MIFF presents
Do You Love Me
When
Thu 13 Aug 2026
A play-it-loud trip through 70 years of Lebanese history.
“Disorientation is part of the journey. Welcome to Lebanon.” So pronounces Do You Love Me, which jams on Lebanese collective memory in ways both joyous and harrowing. Stitching together still photos, home movies, old celluloid, TV clips, radio broadcasts and podcasts, this free-associative portrait of life in Beirut is filled with acts of humanity and inhumanity. From garbage strikes to bomb strikes, news reports to pop-cultural ephemera, this wild ride through the archives is an act of resistance filled with singing and dancing.

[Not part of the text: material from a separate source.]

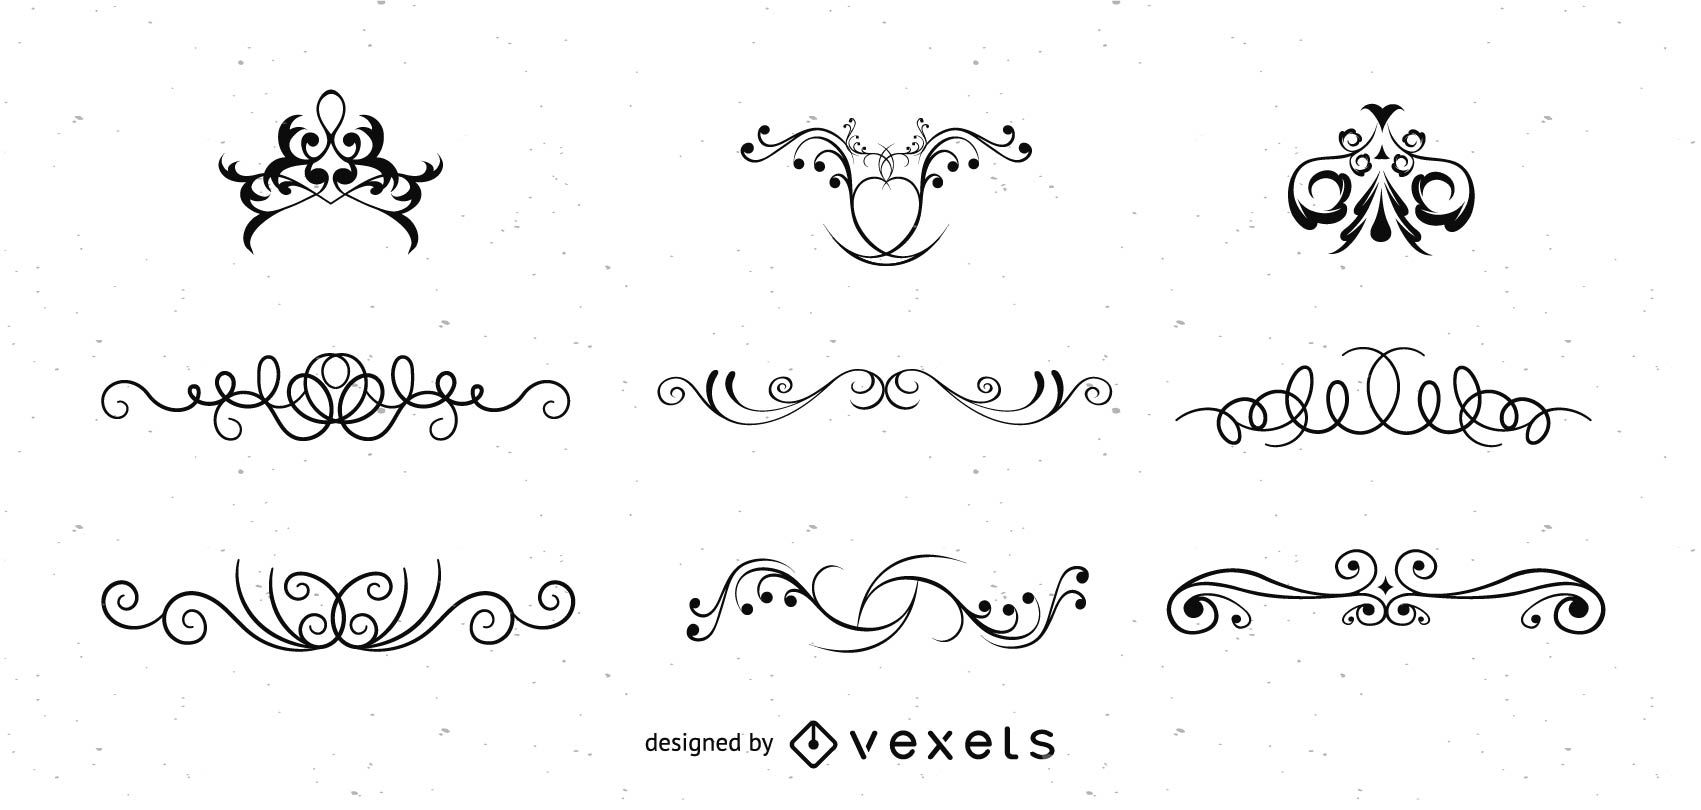 1701x810 Ornate Vector Swirls

Lebanon has no national archive, so filmmaker and interdisciplinary artist Lana Daher set out to make her own. Combing through 20,000 hours of footage drawn from across seven decades, Daher and co-writer/editor Qutaiba Barhamji – whose previous editing work has included Four Daughters, Smoke Sauna Sisterhood (both MIFF 2023) and the Oscar-nominated The Voice of Hind Rajab – forgo talking heads, voiceovers and explanatory intertitles. Instead, their exuberant supercut is shot through with energy, daring and an undeniable sense of humour.
Content: Melbourne International Film Festival
An ode to the collective courage of Lebanese people … [maintains] a remarkable rhythm that fluidly moves between calm, exuberance and disorder.